The valve of the IVC (Eustachian valve) aims oxygen-rich blood entering the right atrium from the placenta (via the umbilical vein and IVC) into the foramen ovale.

**Figure 32.19.** LARSEN’ S HUMAN EMBRYOLOGY, FIGURE 12.23.

After birth and the opening of the lung vasculature, the pressure in the left atrium rises, pressing the septum primum against the septum secundum. This produces a functionally intact interatrial septum. Proliferation of tissue usually completely seals the two septa.

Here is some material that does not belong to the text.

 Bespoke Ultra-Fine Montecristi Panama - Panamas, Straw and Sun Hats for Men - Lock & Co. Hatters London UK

The internal anatomy of the definitive right atrium includes a depression where the foramen ovale once existed = the fossa ovalis. Above the fossa is a ridge = the limbus fossae ovalis, the former caudal edge of the septum secundum.

Question

What embryonic structure gives rise to the floor of the fossa ovalis (as viewed from the right atrium)?

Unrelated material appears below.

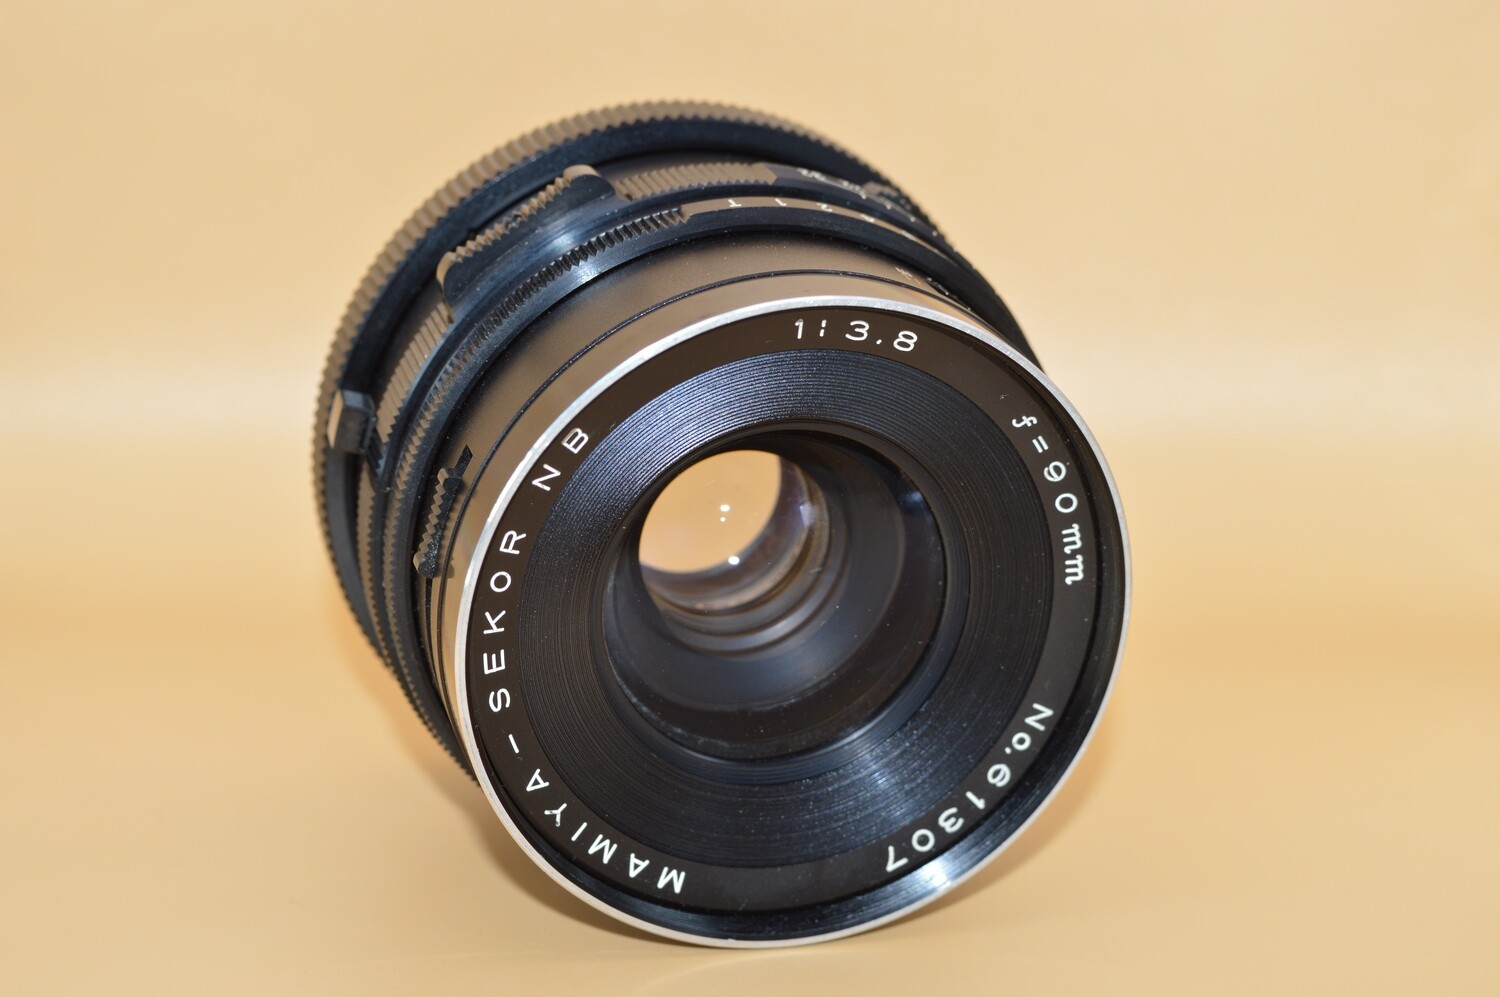 Mamiya Sekor NB 1:3.8 90mm Lens for parts or repairs

Clinical correlation: Atrial Septal Defects

Due to the complex development of the interatrial septum just described, atrial septal defects (ASDs) can occur. Depending on the size of the defect, problems can range from non-existent (up to 25% of the population may have a tiny hole in their interatrial septum called a probe patent foramen ovale) to severe left-to-right shunting of blood and right- sided heart overload with pulmonary hypertension. There are various types of ASDs depending on which part of the primordial septum has the malformation.

The most common type of ASD is the ostium secundum defect. These result from abnormal resorption of septum primum tissue (producing an abnormally large ostium secundum overlapping a normal-sized foramen ovale) or incomplete formation of the septum secundum leading to an abnormally large foramen ovale that overlaps an normal-sized ostium secundum. Whatever the case, an appreciable hole in the middle of the interatrial septum results.

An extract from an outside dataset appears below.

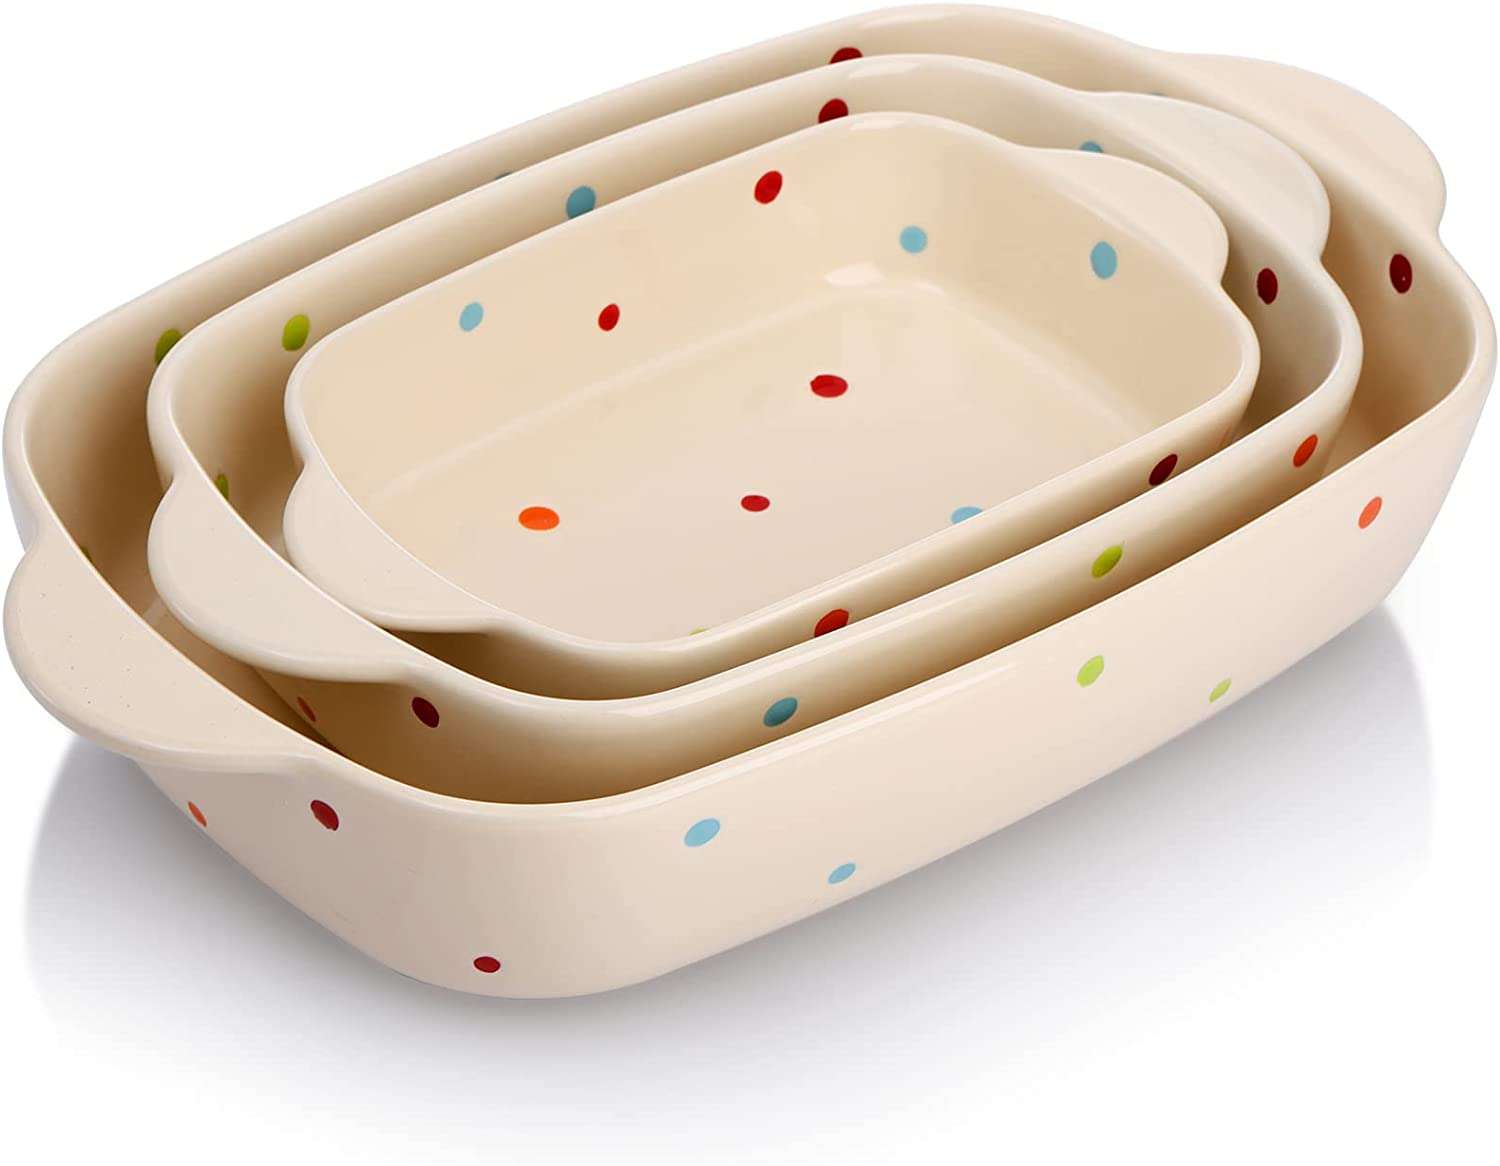 4. AVLA Porcelain Baking Dish Set

Another type of ASD is an ostium primum defect. This results when the septum primum fails to fuse properly with the endocardial cushions, leaving a gap below the septum primum that overlaps the foramen ovale. This produces a hole in the lower part of the interatrial septum.

side Note

Not all the blood entering the right side of the heart is shunted to the left atrium via the foramen ovale. After all four heart chambers have developed, some fetal blood does reach the right ventricle.

This is deoxygenated blood from the head and neck entering the heart via the superior vena cava and aimed straight down into the right ventricle. This blood is pumped into the pulmonary trunk but does not reach the lungs because of the presence of the ductus arteriosus, a vessel that connects the pulmonary trunk to the arch of the aorta. Shortly after birth, the ductus arteriosus closes to form the fibrous ligamentum arteriosum.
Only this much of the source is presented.